Let’s add the Shannon index to a copy of the sample data,
sam_plot <- ps_plot %>% sample_data %>% as_tibble %>%
add_column(shannon_index = shannon_index)
then create the plot,
p_div <- sam_plot %>%
ggplot(aes(y = shannon_index, x = collection_location,
color = collection_location)) +
geom_boxplot(outlier.shape = NA) +
geom_quasirandom() +
expand_limits(y = 0) +
# scale_color_manual(values = colors_countries) +
labs(x = 'Country', y = 'Shannon index') +
theme(
axis.text.x = element_text(angle = 45, vjust = 1, hjust = 1),
legend.position = 'none'
)
p_div
Note, I’m plotting the data points over the box plots, since it is useful to see the scatter when we’re working with a relatively small number of points like this. I therefore turned off the plotting of outliers in the boxplot layer.
Note, I suggest using the exponential of the Shannon index and plotting on a log scale), so that the numbers shown on the axis are in terms of effective number of species.
In the actual Rothman figure, the abundances for a set of viruses are shown; the particular viruses were picked based on an analysis to determine viruses that vary across treatment plant, using the ANCOM R package. I may do that in a future version of this script, but for now I’ll just pick the 10 most abundant viruses by average proportion.
First, get a data frame for plotting, with the proportions of all taxa alongside the original read counts,
x <- ps_plot %>%
as_tibble %>%
with_groups(.sample, mutate,
proportion = .abundance / sum(.abundance))
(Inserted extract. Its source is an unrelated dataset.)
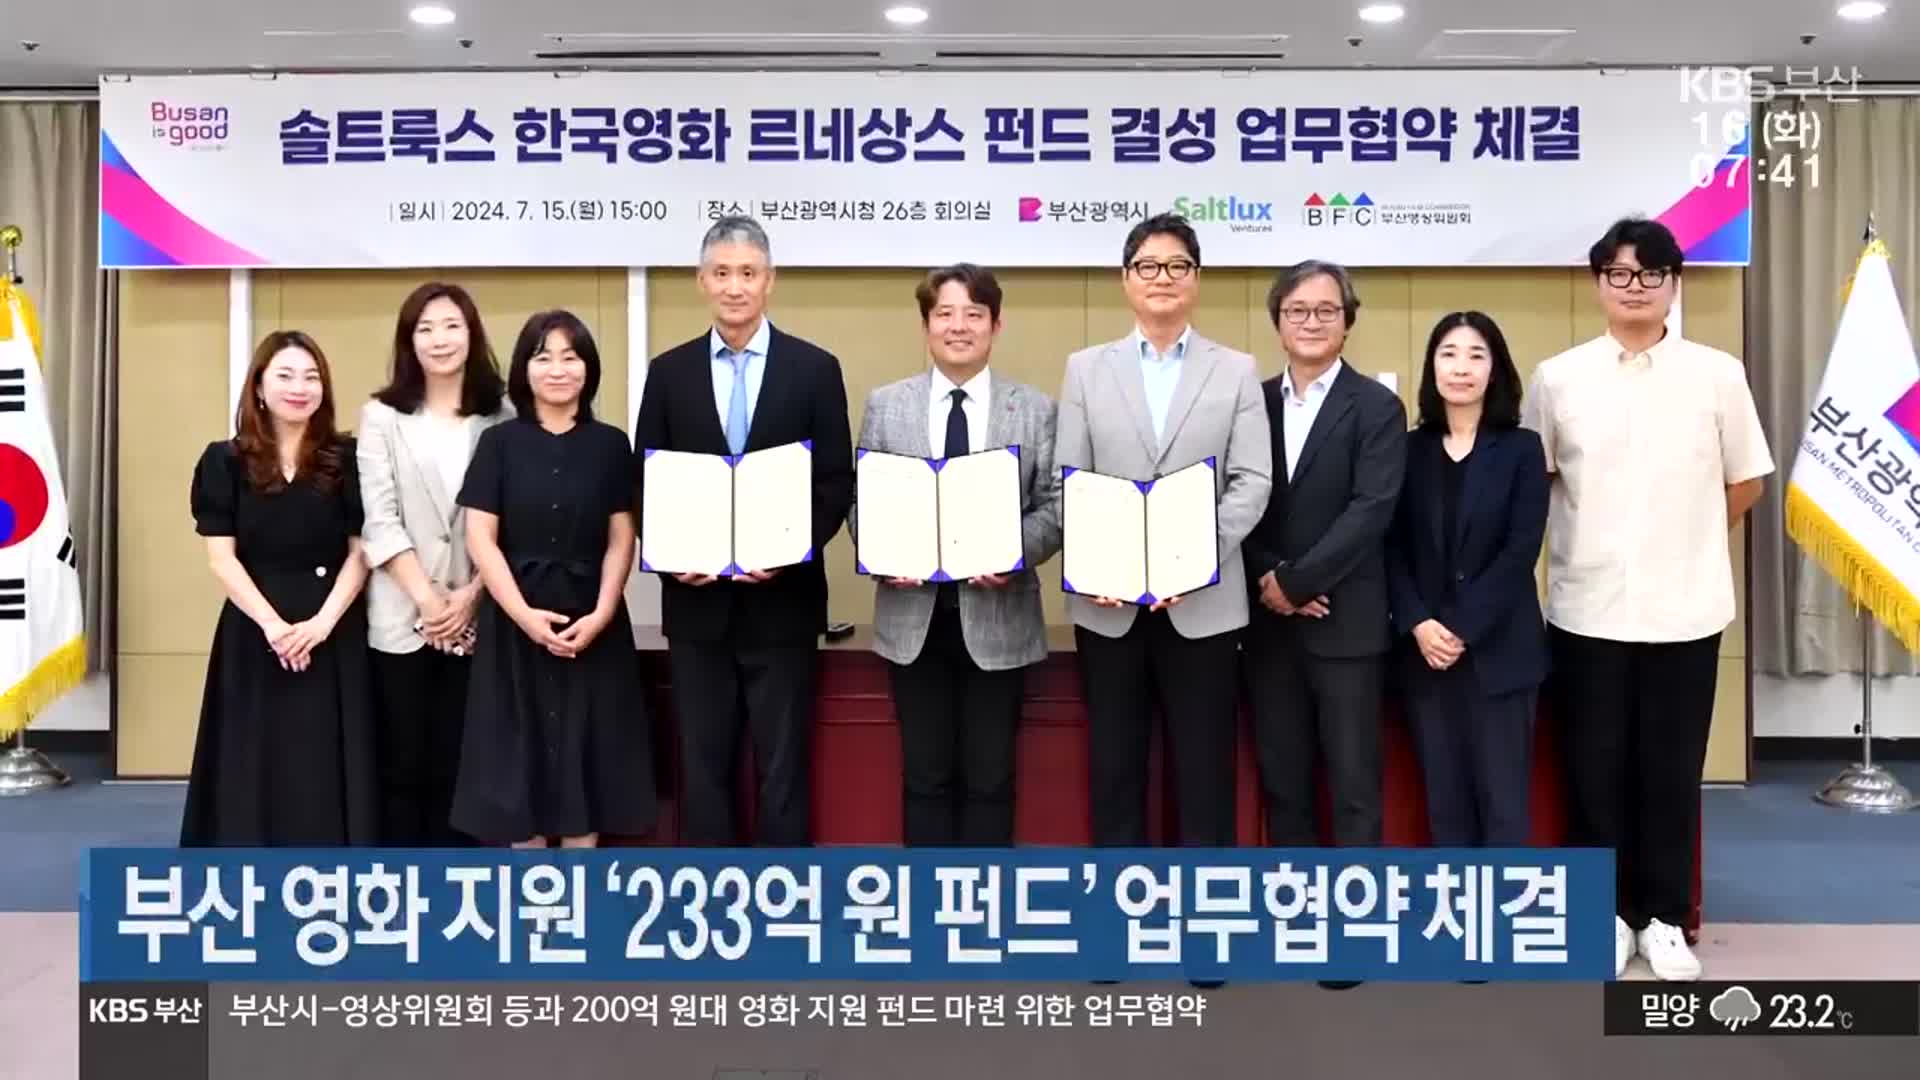 부산 영화 지원 ‘233억 원 펀드’ 업무협약 체결
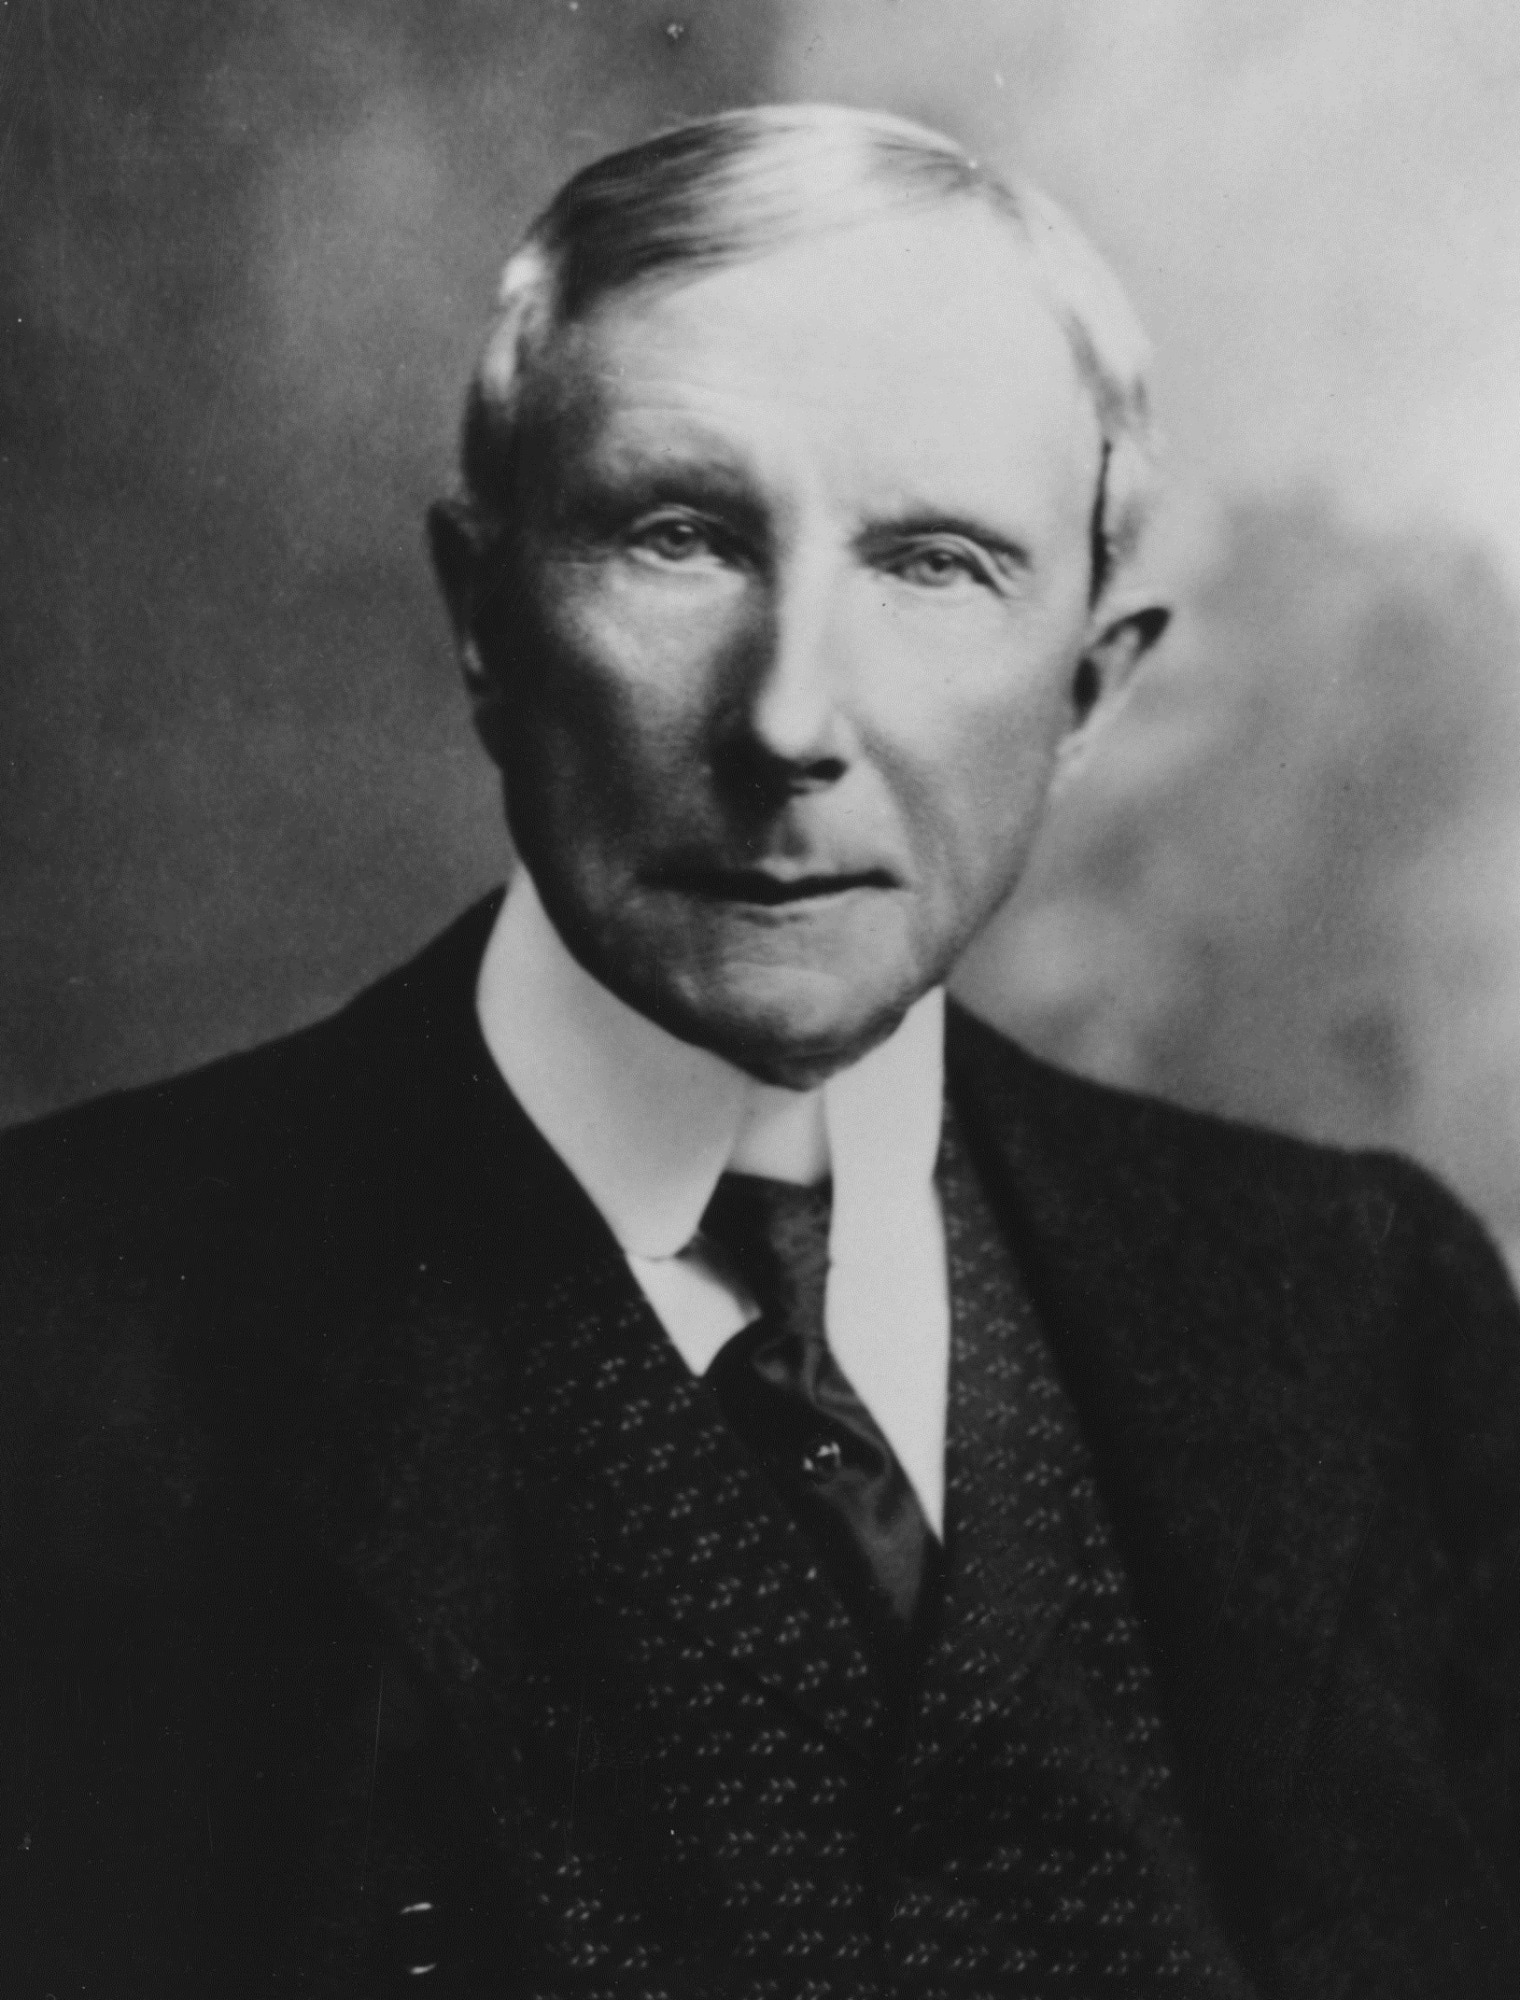 John Davison Rockefeller 1839-1937, c. 1901

Next, get the top 10 viruses by median proportion. We can do this various ways, e.g.
or
top_viruses2 <- x %>%
with_groups(.otu, summarize, across(proportion, median)) %>%
slice_max(proportion, n = 10) %>%
print %>%
pull(.otu)
# A tibble: 10 × 2
.otu propo…¹
<chr> <dbl>
1 Viruses;Orthornavirae;Kitrinoviricota;Alsuviricetes;Martel… 0.282
2 Viruses;;Uroviricota;Caudoviricetes;Caudovirales;Myovirida… 0.0821
3 Viruses;;Uroviricota;Caudoviricetes;Caudovirales;Siphoviri… 0.0456
4 Viruses;;Uroviricota;Caudoviricetes;Caudovirales;Siphoviri… 0.0127
5 Viruses;;Uroviricota;Caudoviricetes;Caudovirales;Herellevi… 0.00844
6 Viruses;Orthornavirae;Pisuviricota;Duplopiviricetes;Durnav… 0.00821
7 Viruses;;Uroviricota;Caudoviricetes;Caudovirales;Myovirida… 0.00500
8 Viruses;;Uroviricota;Caudoviricetes;Caudovirales;Podovirid… 0.00478
9 Viruses;;Uroviricota;Caudoviricetes;Caudovirales;Myovirida… 0.00353
10 Viruses;Orthornavirae;Pisuviricota;Pisoniviricetes;Picorna… 0.00323
# … with abbreviated variable name ¹proportion
identical(top_viruses1, top_viruses2)
[1] TRUE
p_prop <- x %>%
filter(.otu %in% top_viruses1) %>%
mutate(
across(genus, fct_reorder, proportion, .fun = median, .desc = TRUE),
) %>%
ggplot(aes(x = collection_location, y = proportion,
color = collection_location)) +
facet_wrap(~genus, nrow = 2, scales = 'free_y') +
# scale_y_log10() +
geom_boxplot() +
geom_jitter() +
labs(y = 'Proportion', x = 'Country') +
theme(
axis.text.x = element_text(angle = 45, vjust = 1, hjust = 1),
legend.position = 'none'
)
p_prop
Note, I’ve ordered the facets as decreasing in median proportion.
Putting multiple panels together is often very easy with the patchwork package loaded,
(p_ord + p_div) / p_prop +
plot_annotation(tag_levels = 'A')
This plot could definitely benefit from some extra fiddling, to adjust the spacing and colors etc.